International operation targets online supply of counterfeit and illegal medicines

14 October 2010

LYON, France - More than 40 countries have taken part in an international week of action targeting the online sale of counterfeit and illegal medicines to raise awareness of the associated health risks, resulting in arrests across the globe and the seizure of thousands of potentially harmful medicines.

Focusing on websites supplying illegal and dangerous medicines, Operation Pangea III is the largest Internet-based action of its kind in support of the International Medical Products Anti-Counterfeiting Taskforce (IMPACT). It was co-ordinated by INTERPOL, the World Customs Organization (WCO), the Permanent Forum of International Pharmaceutical crime (PFIPC), the Heads of Medicines Agencies Working Group of Enforcement Officers (HMA WGEO), the pharmaceutical industry and the electronic payments industry.

Carried out between 5 and 12 October and involving police, customs and national medicines regulators with support from Internet Service Providers (ISPs), payment systems providers and delivery services, the global operation targeted the three main components abused in the illegal website trade: the Internet Service Provider (ISP), the electronic payment system and the delivery service.

"Through a multi-sector operation involving law enforcement and health, INTERPOL's key objective in Operation Pangea III was to alert and protect members of the public by assisting our 188 member countries shut down illegal pharmaceutical websites, chase money flows and backtrack to the sources behind these illicit pharmaceutical products which represent such a threat to the health of the public," said Secretary General Ronald K. Noble, pointing to the importance of key international partnership involving INTERPOL and international bodies such as the World Health Organization and the World Customs Organization.

"While this international operation, the third of its kind, shows that criminals attempting to use the Internet as an anonymous safe haven are not safe any more, we hope that that by raising public awareness about the dangers of illegal Internet pharmacies, consumers will exercise greater care when purchasing medicines online," added Mr Noble.

During the operation which saw the 45 participating countries send intelligence to a dedicated operations centre at INTERPOL's General Secretariat headquarters in Lyon, Internet monitoring revealed 694 websites engaged in illegal activity, 290 of which have now been shut down. In addition, some 268,000 packages were inspected by regulators and customs, almost 11,000 packages were seized and just over 1 million illicit and counterfeit pills were confiscated - including antibiotics, steroids, anti-cancer, anti-depression and anti-epileptic pills, as well as slimming or food supplement pills. Some 76 individuals are currently under investigation or under arrest for a range of offences, including illegally selling and supplying unlicensed or prescription-only medicines.

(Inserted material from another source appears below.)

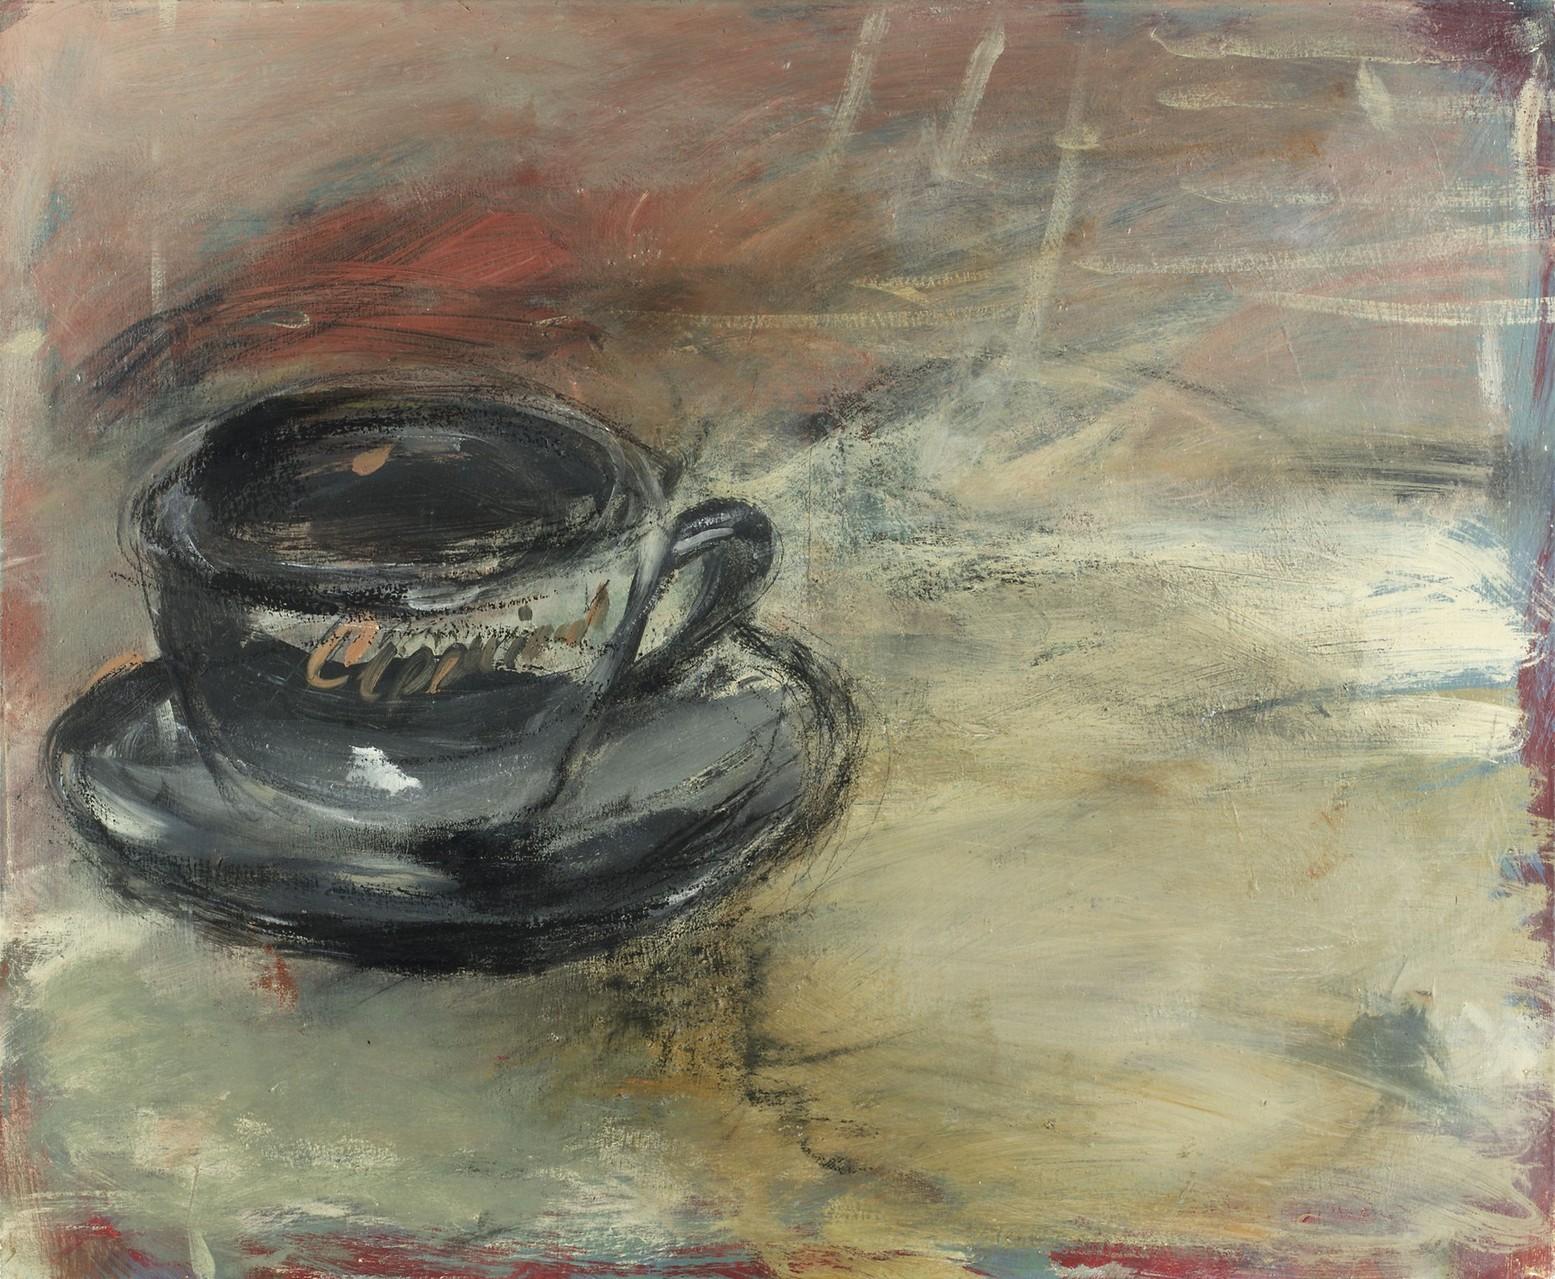 Cappuccino-Tasse | 105 x 120 | 2010

With the value of the seized illicit and counterfeit pills put at USD 2.6 million, and with this year's operation involving 20 more countries than in the previous such operation in 2009, the head of INTERPOL praised the efforts of the parties involved.

"INTERPOL commends the police, customs and regulatory officials in the 45 participating countries, as well as key partner international organizations such as the World Customs Organization, whose efforts and commitment have made Operation Pangea III a model of international co-operation," concluded the head of INTERPOL.

Associated with Operation Pangea III, and as part of the world police body's general public alert service, INTERPOL has posted a series of "Don't Be Your Own Killer" videos on YouTube highlighting the dangers of illegal Internet pharmacies.